Problem: After completing a replanning branch with changes to tech-stack.md, validation.md, and roadmap.md, formulate a request to the agent for creating or updating CHANGELOG.md. Source data: branch created 2026-05-01, commits include adding Vitest, adaptive design rule, clarification of phases 2-3 in roadmap.

Solution: 1. Request to agent: /clear Create or update @CHANGELOG.md. Use date headings in YYYY-MM-DD format. Rely on Git history of branch replanning-after-hello-hono and changes in current branch. Write briefly and clearly for stakeholders. Each item should be one line starting with a verb.

  1. Expected result:

# Changelog ## 2026-05-01

  • Added testing policy with Vitest (npm test → vitest run).
  • Introduced adaptive design requirement (375px/1280px).
  • Clarified boundaries of phases 2 and 3 in roadmap by domain areas.
  • Updated feature specification template with 'Mandatory Checks' section.
  1. Verification: dates match commits, items are atomic, language is for humans but structured for agent parsing.

Complexity: beginner

Name: Applying the feedback flywheel

Problem: During implementation of the 'Agents and Ailments' feature, the following events occurred.
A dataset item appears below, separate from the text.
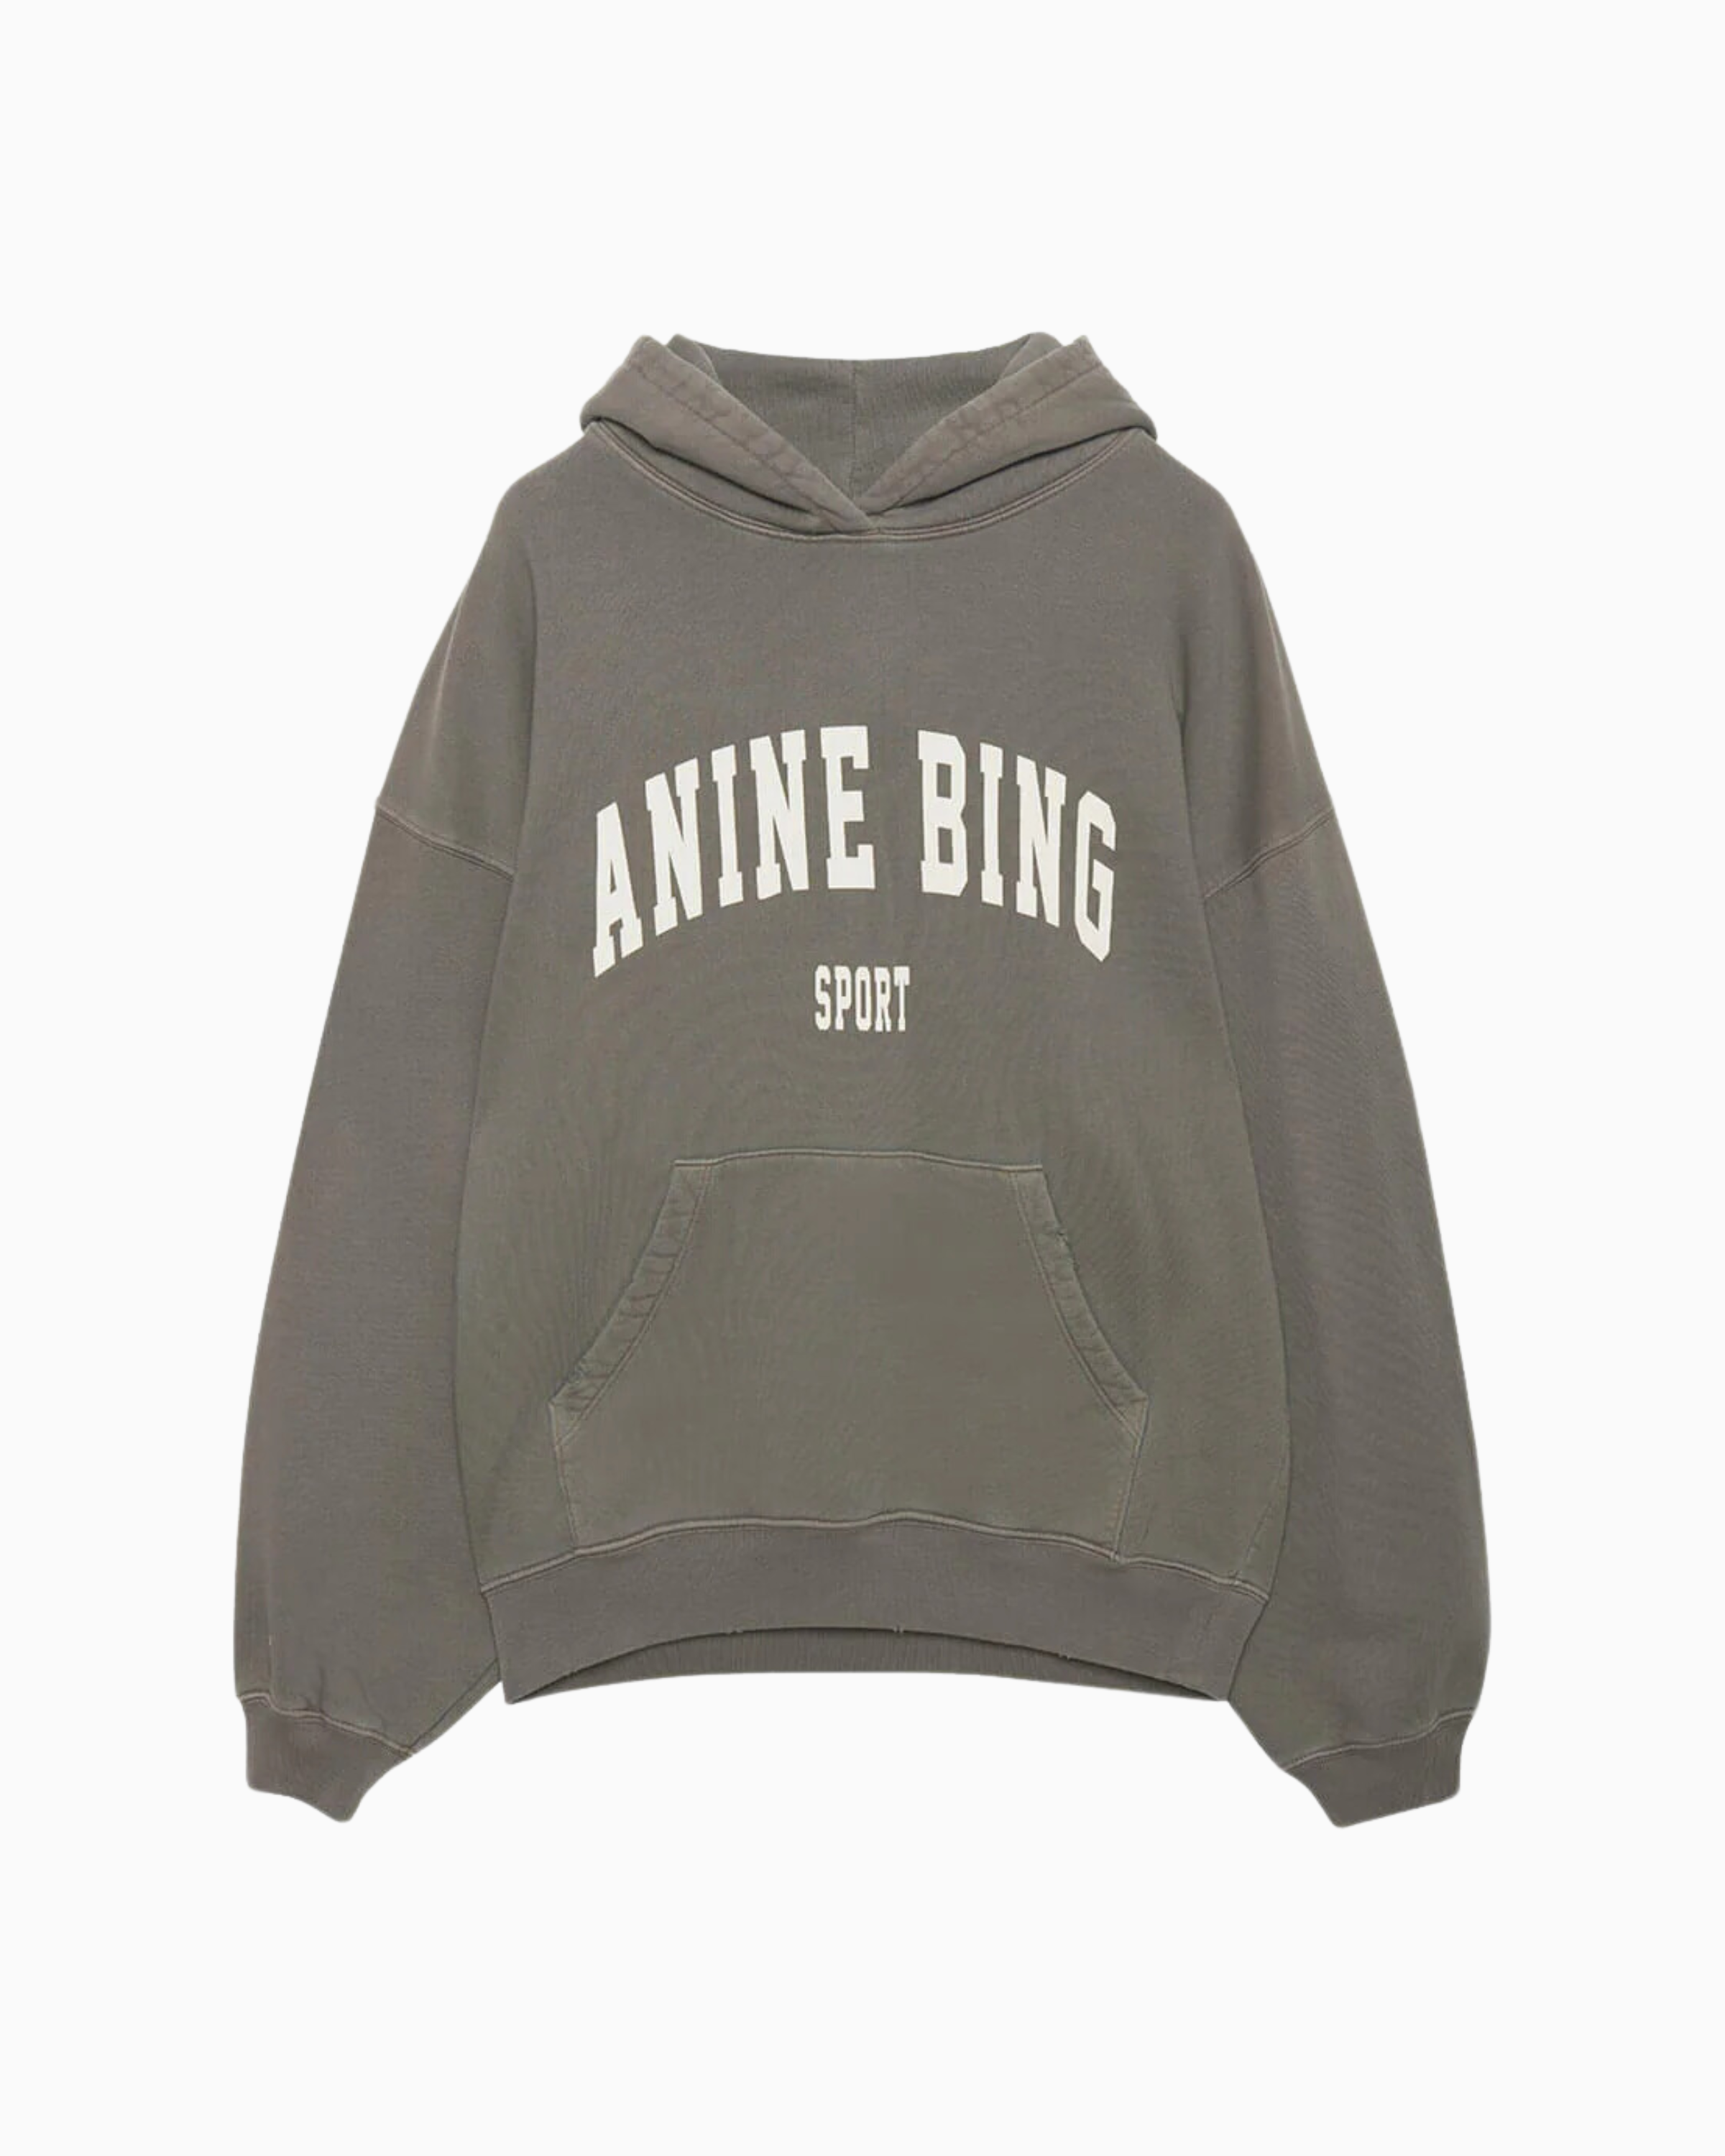 Anine Bing Harvey Sweatshirt in Dusty Olive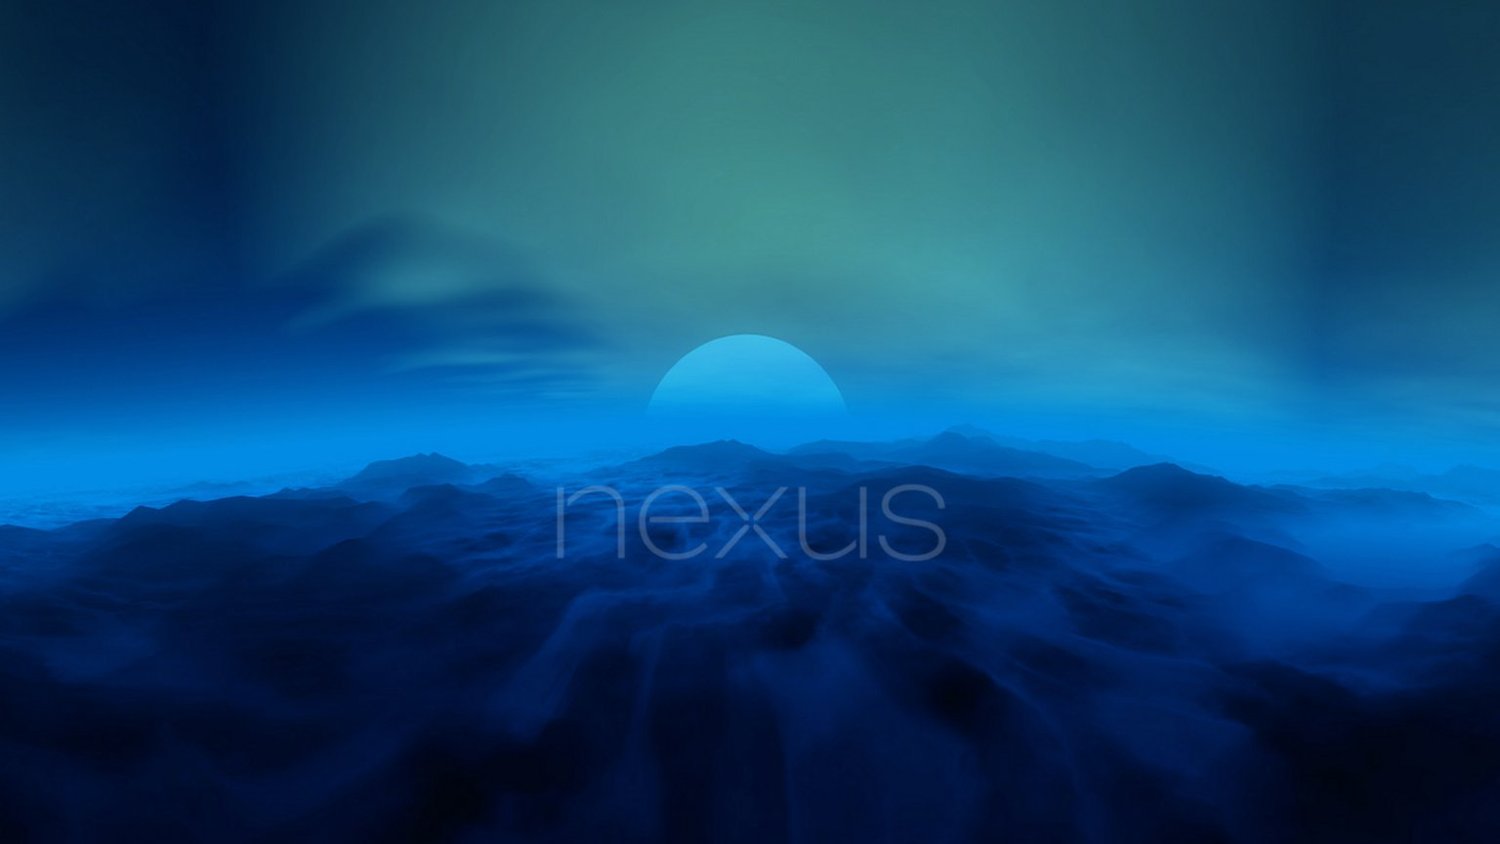 Новости Android, выпуск #81. Завершится ли эпоха Nexus в этом году? Возможен новый бренд смартфонов Google. Фото.

For each, determine which artifact to update, or record that the project structure lacks a section:

  1. Agent generated a migration that fails when re-applied to the same database
  2. Agent could not find the domain model types file, though it was in /src/types/
  3. Human noticed that /agents page does not display correctly on iPhone SE, though tests passed
  4. Agent three times asked which API response format to use
  5. A real client name accidentally appeared as an example in the feature specification

Solution: 1. Migration fails on re-run → validation.md: new template 'For migrations, check idempotency by re-running' (validation level increases).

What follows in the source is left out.